Born 1960, in Tarrytown, NY.

ADDRESSES:

Home—West Hartford, CT. Office—Greater Hartford Academy of the Arts, 15 Vernon St., Hartford, CT 06106.

CAREER:

Has taught creative writing at various institutions, including Trinity College, University of Hartford, and St. Joseph's College; Greater Hartford Academy of the Arts, Hartford, CT, currently instructor.

AWARDS, HONORS:

Patricia Dobler Poetry Prize, Carlow University; Barbara Deming Memorial Fund/Money for Women grant; fiction grant, Connecticut Commission on the Arts.

WRITINGS:

B-Mother, Harcourt (Orlando, FL), 2006.

Contributor to anthologies, including I Am Becoming the Woman I've Wanted, 1995, Mother's Nature, 1999, Through a Child's Eyes, 2001, and Anthology of New England Writers, 2003. Contributor to periodicals, including Earth's Daughters, Hurricane Alice, Kalliope, Lilliput Review, Red Rock Review, and Louisville Review.

SIDELIGHTS:

Maureen O'Brien is a writing instructor who also writes fiction and poetry. In 2006 O'Brien published her first novel, B-Mother. The book tells the story of Hillary, a sixteen-year-old girl who finds herself pregnant after a summer fling. Her parents and the biological father refuse to accept any responsibility for the unborn child, so they force her to live in a Catholic home for unwed mothers, where she will have to give the baby up for adoption. Eighteen years pass as Hillary anxiously awaits the time when she will be legally allowed to meet her biological son for the first time. About this debut effort, Booklist critic Joanne Wilkinson took notice of "some awkward pacing and dialogue," but overall thought that "teens may empathize with the young, unwed mother forced to make a life-altering decision." A contributor to Publishers Weekly thought the novel's time span was too long, adding that "readers feel as if they … are just biding time until the mother and son's eventual reunion." In a Library Journal review, Jennifer Stidham was more laudatory, concluding that O'Brien is "keenly and beautifully aware of the New England setting" in her writing, and the novel is "full of memorable, well-developed characters, even the most peripheral."

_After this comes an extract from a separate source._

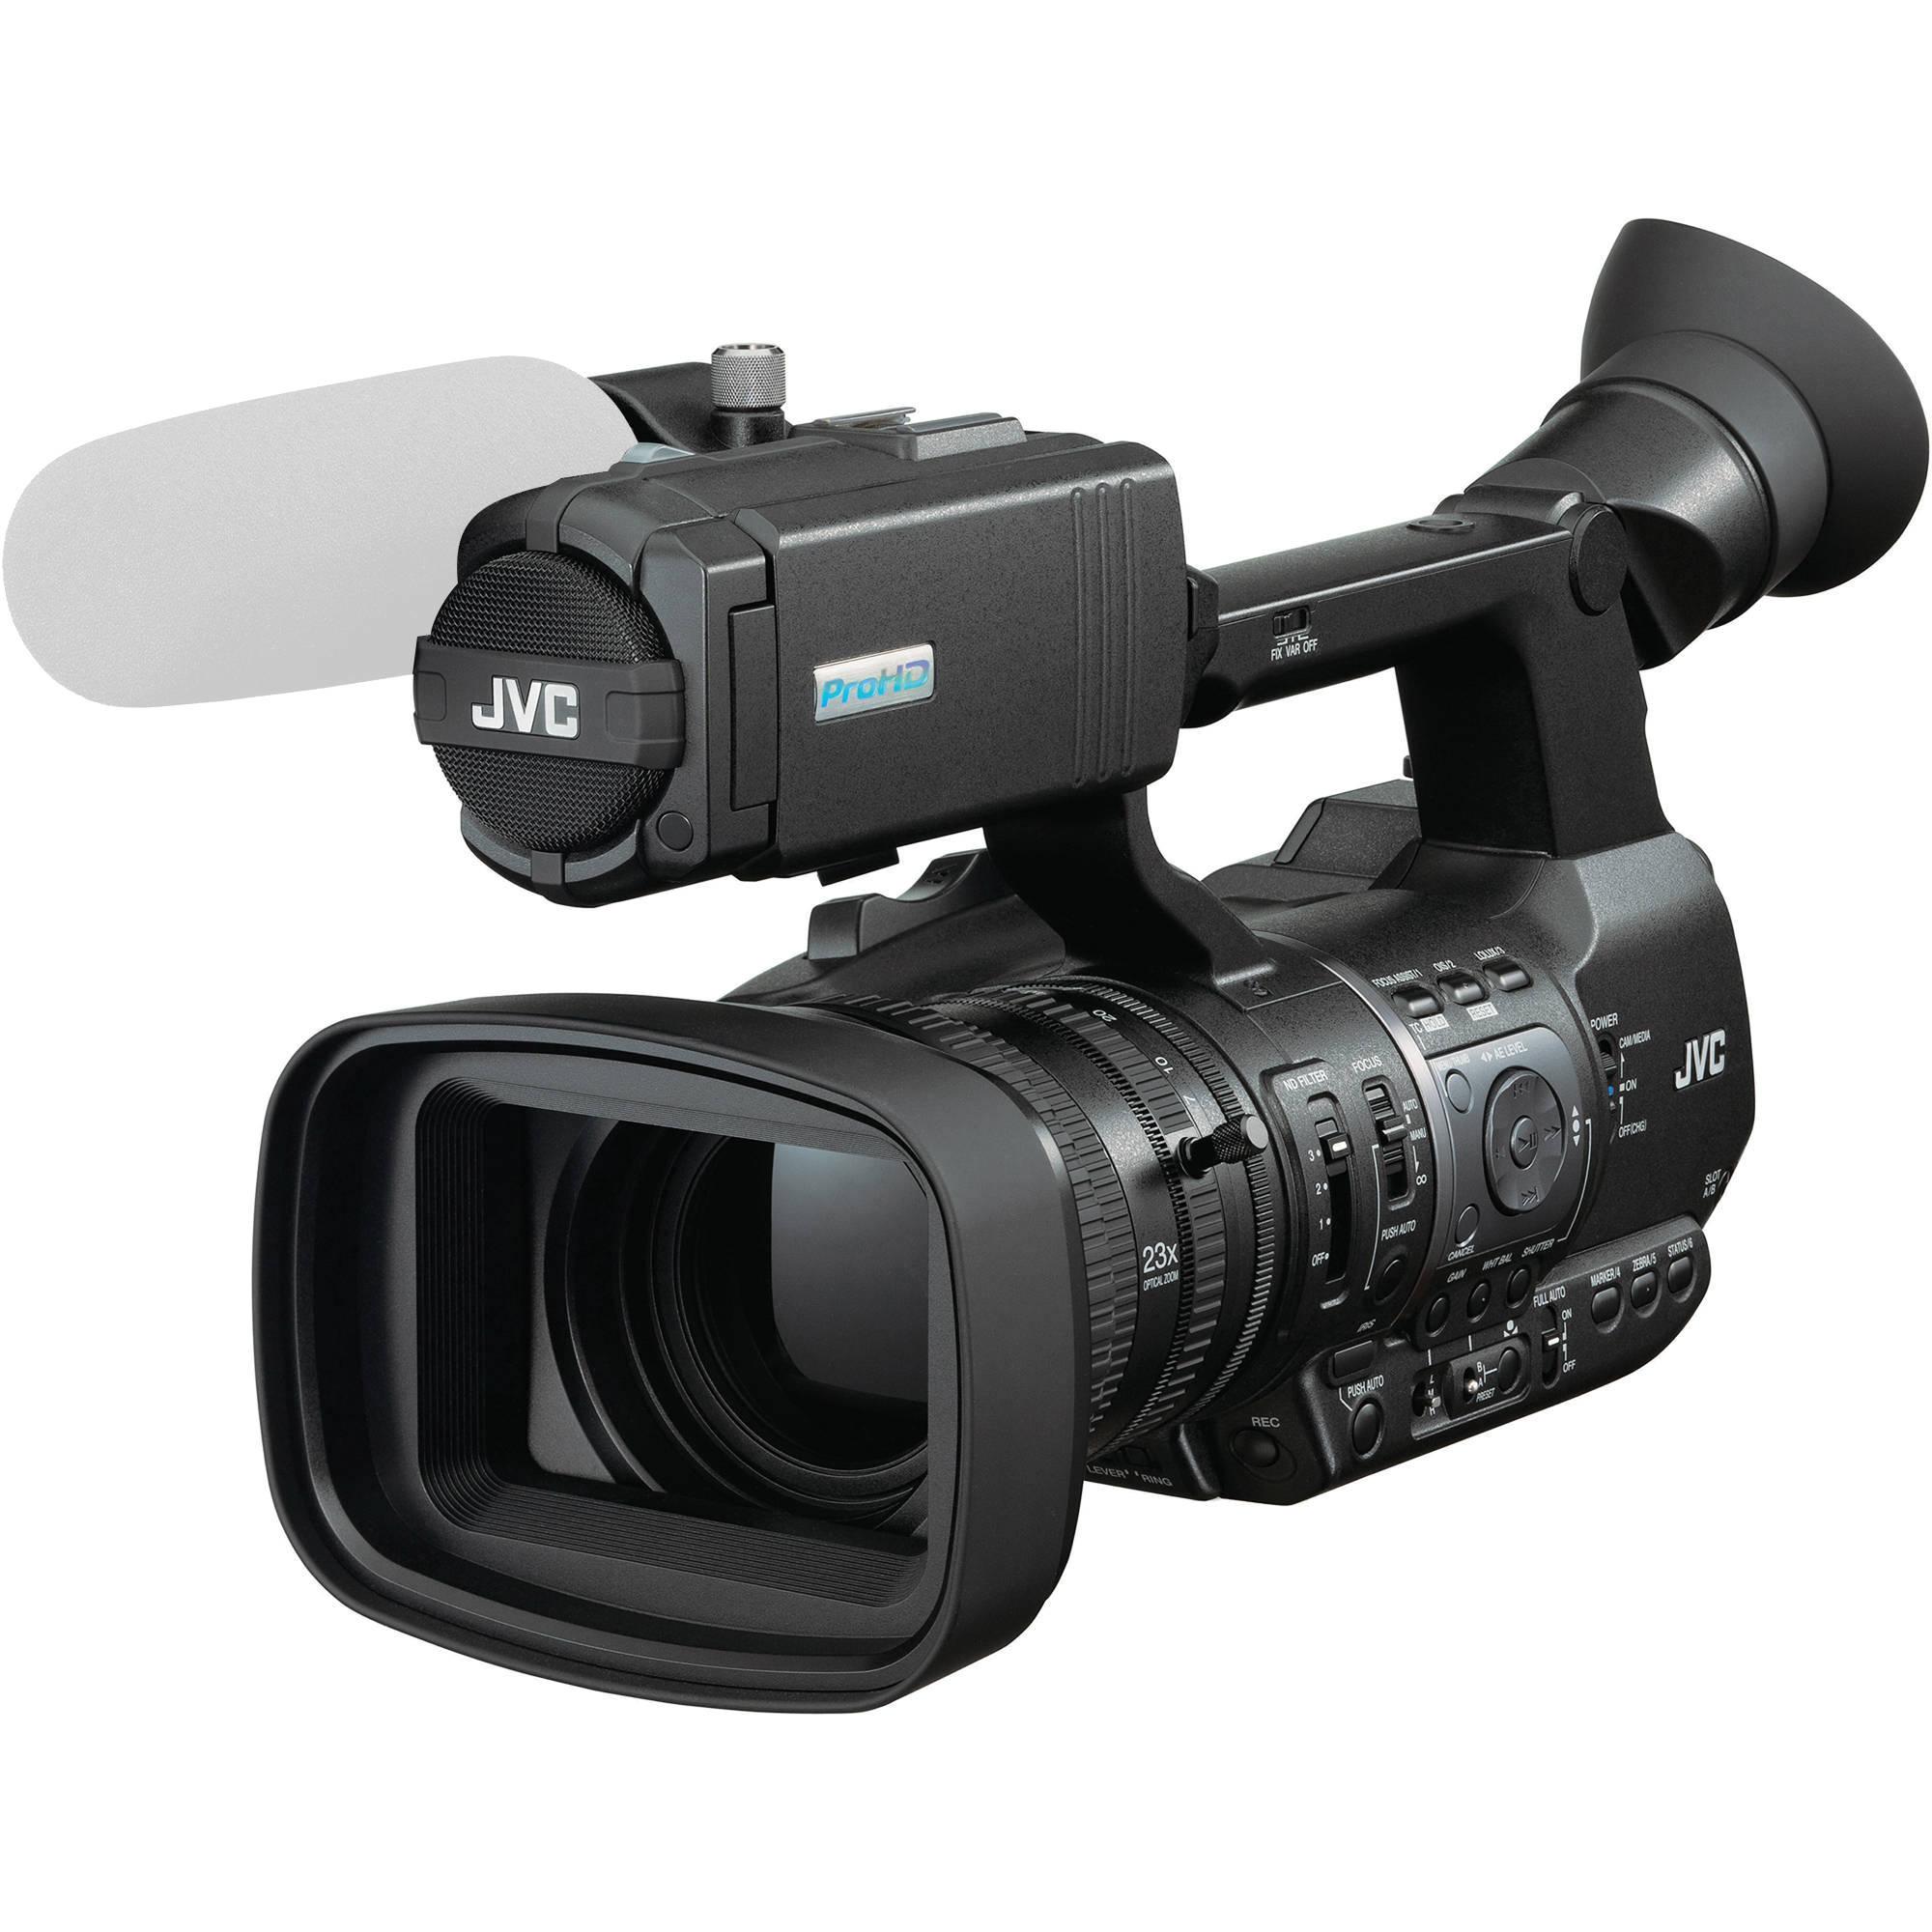 c product  REG JVC GY HMU HM ProHD Camcorder
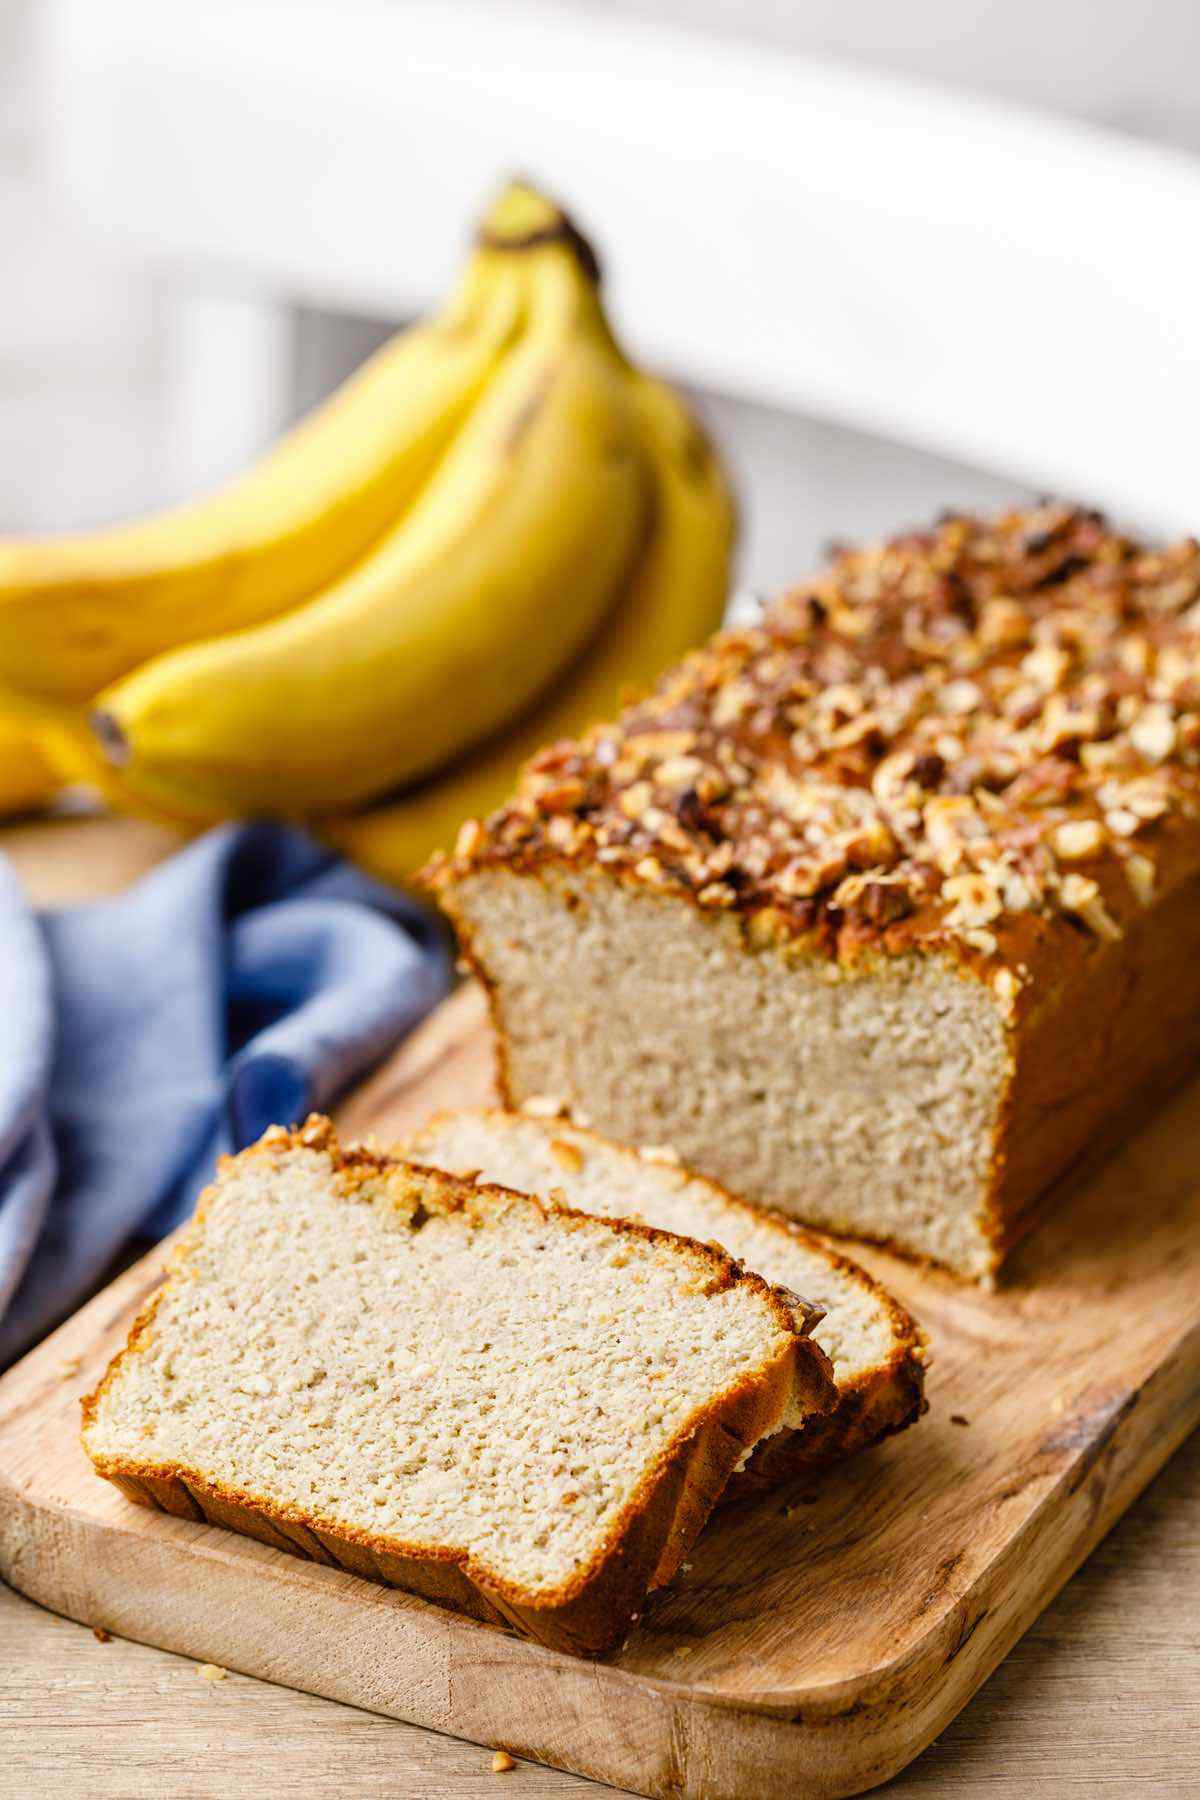 Keto Banana Bread Videos  The Best Keto Banana Nut Bread Ever My Kids Love This

BIOGRAPHICAL AND CRITICAL SOURCES:

PERIODICALS

Booklist, November 1, 2006, Joanne Wilkinson, review of B-Mother, p. 31.

Courant (Hartford, CT), May 24, 2007, Carole Goldberg, "Debut Novel Follows Her Poetry Prize."

Kirkus Reviews, October 1, 2006, review of B-Mother, p. 982.

Library Journal, November 1, 2006, Jennifer Stidham, review of B-Mother, p. 69.

Publishers Weekly, September 25, 2006, review of B-Mother, p. 41.